We already have a Realms server. I've spent a surprising amount of time exploring, making a few holiday houses and running track undeground. I want to keep that around. Minecraft is a recurring obsession with me and my kids. We've been playing it since they were quite little. I got it when it went onto iPad and was immediately obsessed. It's got that computer thing happening, just a little tweak here, and another there, and six hours have passed.
So my initial thought was to put a server on the raspberry pi. We have a couple of pi 3's kicking around, and with the NBN giving decent upload speeds it would be easy to attach it to the router and open a port.

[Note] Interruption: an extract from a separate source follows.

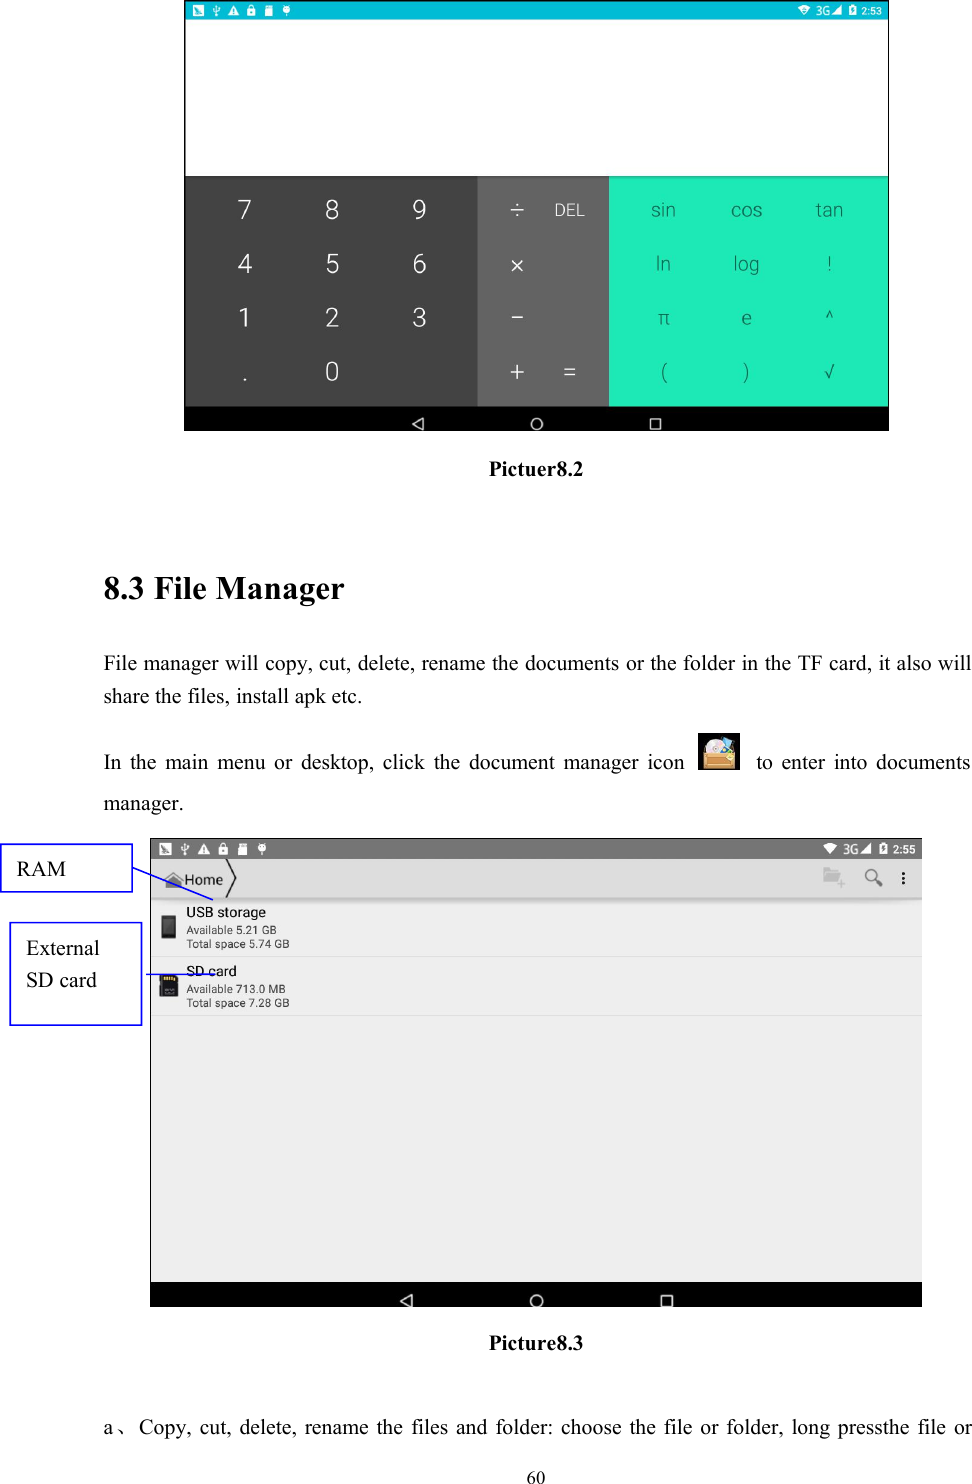 60Pictuer8.28.3 File ManagerFile manager will copy, cut, delete, rename the documents or the folder in the TF card, it also willshare the files, install apk etc.In the main menu or desktop, click the document manager icon to enter into documentsmanager.Picture8.3a、Copy, cut, delete, rename the files and folder: choose the file or folder, long pressthe file orRAMExternalSD card

Bedrock edition is just for Ubuntu, so I did an ubuntu server install and stuffed around configuring wifi and finding a USB power adapter with enough juice to power the pi. Lots of flipping between sources on my monitor to look things up. Overall, an enjoyable task if you like the linux command line and enjoy the "Adventure" like nature of this sort of thing.
Get the bedrock server onto the pi. Wifi's not installed. Get it on my mac and scp to the pi. Ubuntu isn't allowing the connection. Fine, scp from Ubuntu and source it from the mac.
Really it's the same thing as get the bird cage. Too far away. Fine, fetch the ladder to get the cage. etc...
Anyway, wrong executable format. Oh no, maybe I need 64 bit ubuntu. Reimage the card. Same error? Oh.... The Bedrock edition is x86 only. Raspberry Pi is ARM. Right. There's a blog entry where someone emulates it but it's slow...
In the meantime, the java edition works (after getting java from oracle) -- but it can't be used by iPad clients.
So we have an old pc from about 2004. No wifi of course. Dusty.
I could probably do a USB install of Ubuntu, and set it up like I was going with the raspberry pi. But it's much bigger. There will be fan noise. In the middle of trying to find a place on my desk where it could be attached to power, the network and a keyboard I realised the machine didn't even have HDMI out. Just VGA. So my monitor probably has a VGA input and I do keep every possible cable for just in case, but...
This blog is running on a cloud server hosted by Binary Lane. It only costs $4/month for 1Gb memory, and 20Gb disk. A few minutes later I had a working internet connected cloud server with it's own subdomain. And a few minutes after that, the x86 Ubuntu Minecraft bedrock server was working. It's fine so far.